“Busts to the Bust:” Contest Winners

Back at the end of July, we published Elijah Logozar’s provocative polemic, “A Bust to the Smith-Morra Gambit.” We also invited readers to submit their responses, or “busts to the bust,” in a contest sponsored by US Chess Sales and Chessable. Thanks to both of our sponsors!

Three submissions came in before the August 15th deadline, all of which are published below. (A fourth arrived too late to be judged.) While Logozar responds to all three, only two prizes could be awarded. The winners of the contest are:

1st prize – A $50 Gift Certificiate to US Chess Sales

Winner: Pranav Nagarajan

2nd prize – A one year PRO membership at Chessable.com

Winner: Daniel Jones


Before getting into the details of each submission, here is Logozar’s overall response to the challenges to his idea.

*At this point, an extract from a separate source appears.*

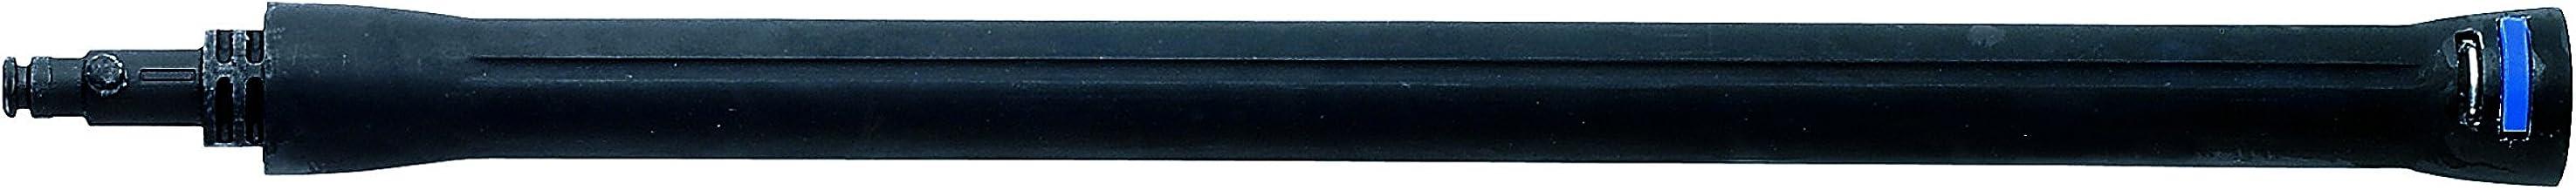 Nilfisk Blauw Alto 128500074 G4 Click en Clean Spray Lance Lang

I would like to thank the CLO readers for submitting their attempts to disprove my anti-Morra analysis and for taking it seriously.

Pranav analyzed one of my recommended lines to a draw. My claim is that Black was pressing on the way and is the only one who had serious winning chances. With precise defense White is able to hold a draw, but it is not easy. Black can always draw by perpetual check at will.

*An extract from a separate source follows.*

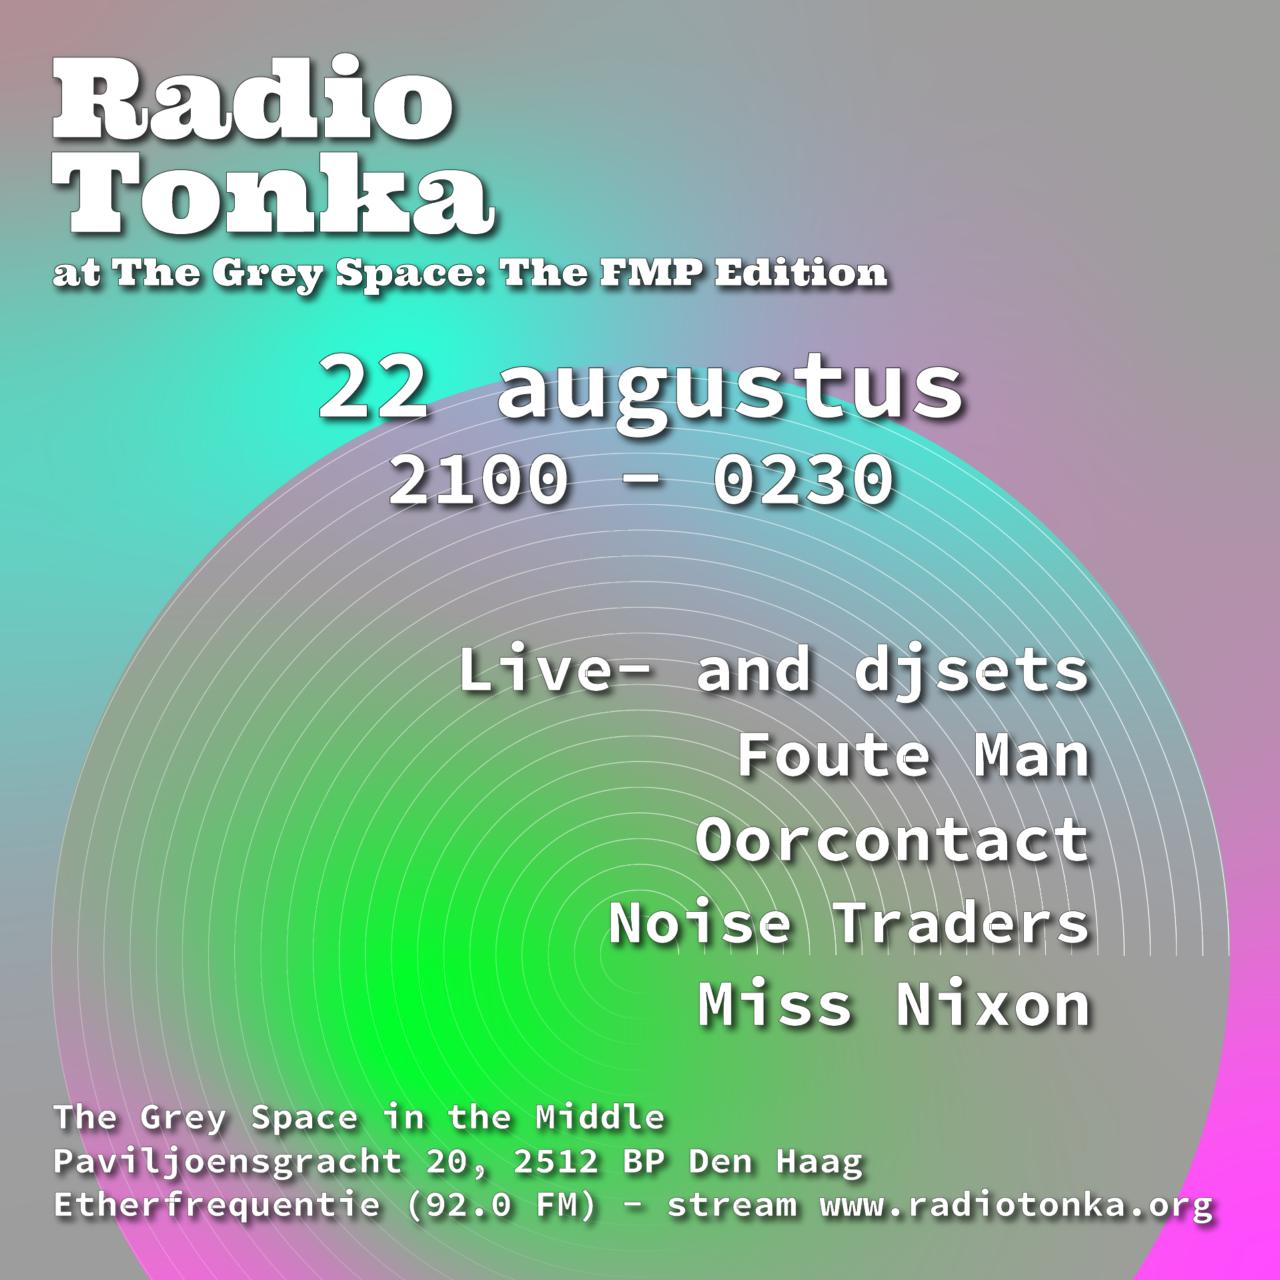 Radio Tonka: The FMP edition

In his chess.com blog post, Daniel claims that my claim of refutation was exaggerated. I’d argue that refutation has multiple possible definitions, and I was operating under the one that means “prove to be substandard or conceptually incorrect.” My claim is that Black is at least slightly better in all variations, not that White loses by force.

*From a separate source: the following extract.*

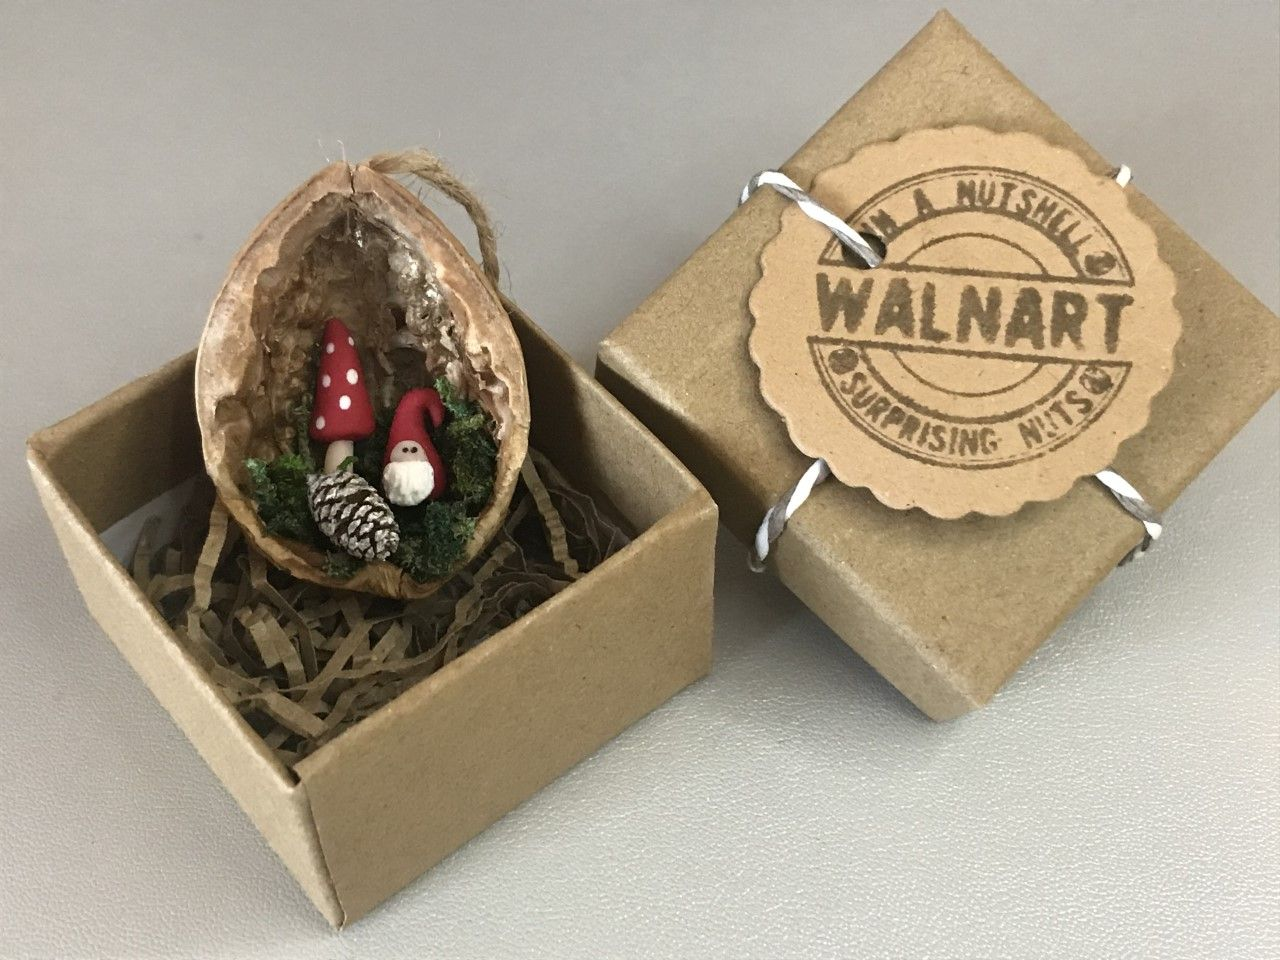 Walter, the original walnart gnome

Brian claimed that I’d underestimated White’s chances in the 6.Bf4 a6 7.Be2 variation. I believe that White’s chances are only practical as objectively White doesn’t have sufficient compensation for the sacrificed pawn.

1st PrizePranav Nagarajan

Logozar’s response

2nd PrizeDaniel Jones

Jones’ response to Logozar’s claims is found at his chess.com blog. Because of the formatting there and the embedded diagrams, we ask that you click the link to read Jones’ thoughts.

Logozar’s Response

Daniel Jones wrote a blog on chess.com claiming to counter the assertions that I made in my Chessable course ‘Mop up the Morra’. Daniel’s major claim was that Black does not have an advantage in my recommended mainline because in his view the engine’s preference for Black on move thirteen is too small to be categorized as an advantage. Daniel also claimed that 7…h6 is not a novelty as it was analyzed by Langrock before I published ‘Mop up the Morra.’ Daniel’s third claim was that my assertion that the Morra was ‘refuted’ and the claims in my advertisements were exaggerated. Here is my response.

In my course and the US Chess article, I clearly defined novelty as in ‘not been played in FIDE master games’. According to this definition, 7…h6 would be categorized as a novelty even if Langrock’s book was released first. In any case, I discovered 7…h6 before I checked Langrock’s book, which I cited as a source before I published ‘Mop up the Morra’.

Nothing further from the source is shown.